Bittering glanced away. “I’ll come and get it next week.”

 
          
They
turned to their daughter. “What about your New York dresses?”

 
          
The
bewildered girl stared. “Why, I don’t want them any more.”

 
          
They
shut off the gas, the water, they locked the doors and walked away. Father
peered into the truck.

 
          
“Gosh,
we’re not taking much,” he said. “Considering all we brought to Mars, this is
only a handful!”

 
          
He
started the truck.

 
          
Looking
at the small white cottage for a long moment, he was filled with a desire to
rush to it, touch it, say good-bye to it, for he felt as if he were going away
on a long journey, leaving something to which he could never quite return,
never understand again.

 
          
Just
then Sam and his family drove by in another truck.

 
          
“Hi,
Bittering! Here we go!”

 
          
The
truck swung down the ancient highway out of town. There were sixty others
traveling in the same direction. The town filled with a silent, heavy dust from
their passage. The canal waters lay blue in the sun, and a quiet wind moved in
the strange trees.

 
          
“Good-bye,
town!” said Mr. Bittering.

 
          
“Good-bye,
good-bye,” said the family, waving to it.

 
          
They
did not look back again.

 
          
 

 

 
          
Summer
burned the canals dry. Summer moved like flame upon the meadows. In the empty
Earth settlement, the painted houses flaked and peeled. Rubber tires upon which
children had swung in back yards hung suspended like stopped clock pendulums in
the blazing air.

 
          
At
the metal shop, the rocket frame began to rust.

 
          
In
the quiet autumn Mr.
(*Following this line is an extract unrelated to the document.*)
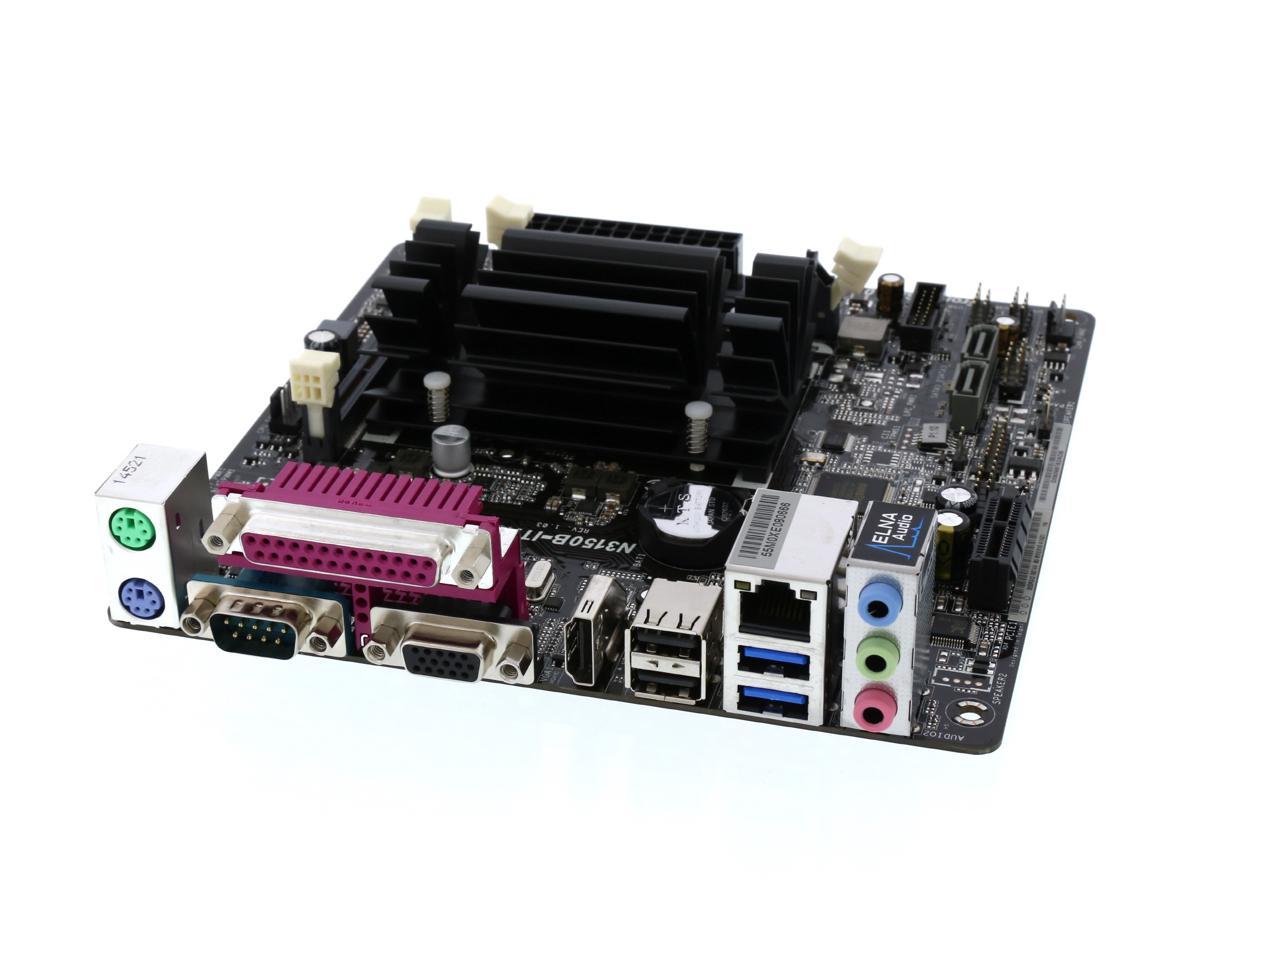 ASRock N3150B-ITX Intel Quad-Core Processor N3150 (up to 2.08 GHz) Mini
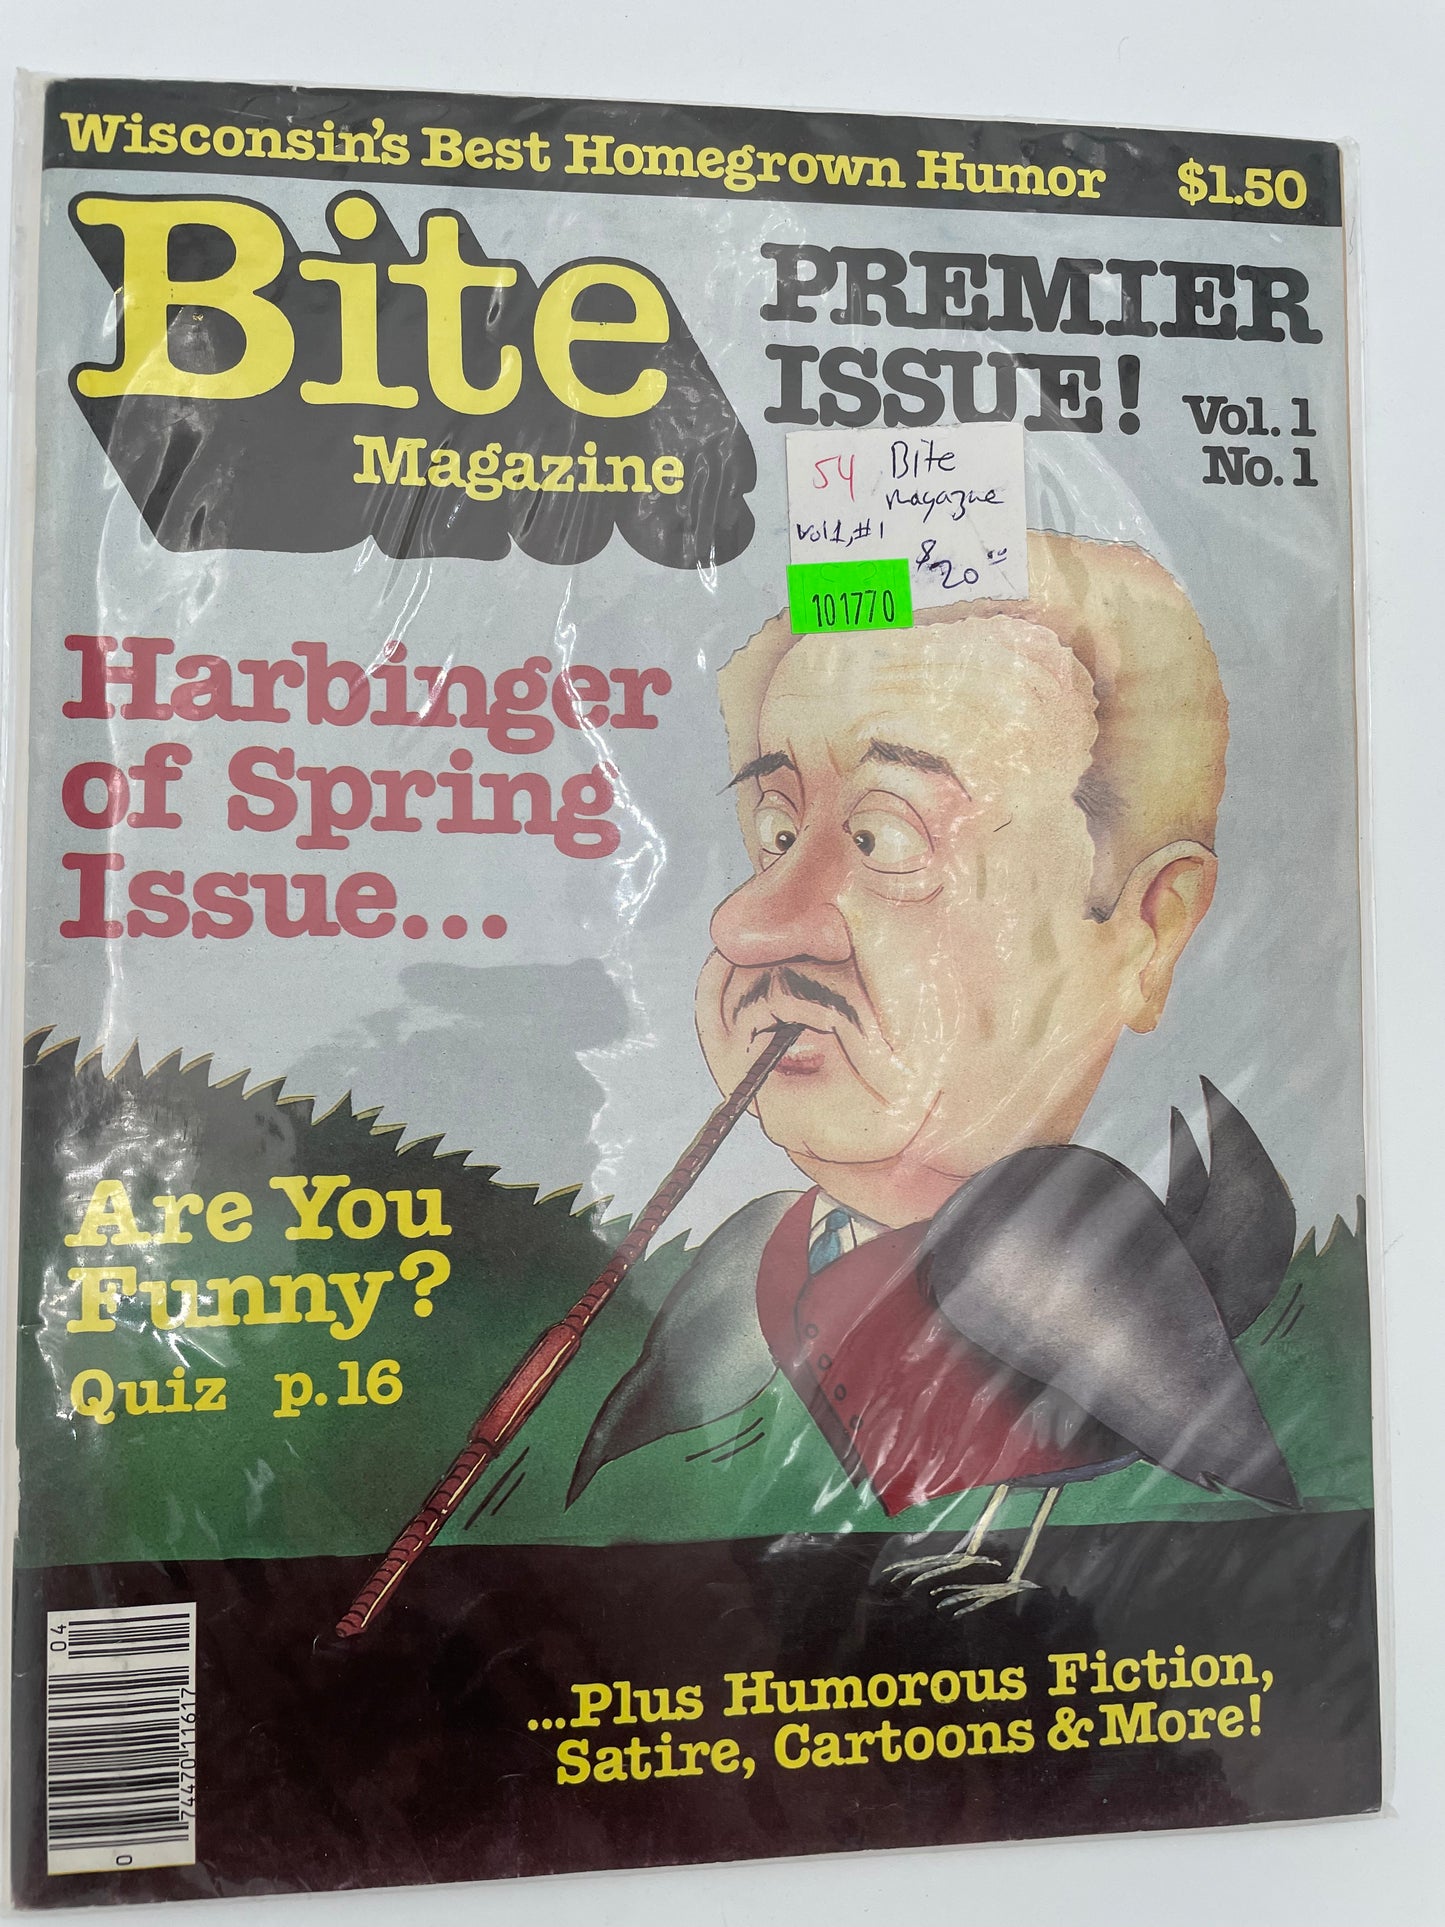 Bite Magazine - Premier Issue - Vol 1 No 1 - #101771

Bittering stood, very dark now, very golden-eyed, upon the
slope above his villa, looking at the valley.

 
          
“It’s
time to go back,” said Cora.

 
          
“Yes,
but we’re not going,” he said quietly. “There’s nothing there any more.”

 
          
“Your
books,” she said. “Your fine clothes.”

 
          
“Your
llles
and your fine
ior uele rre
,” she said.

 
          
“The
town’s empty. No one’s going back,” he said. “There’s no reason to, none at
all.”

 
          
The
daughter wove tapestries and the sons played songs on ancient flutes and pipes,
their laughter echoing in the marble villa.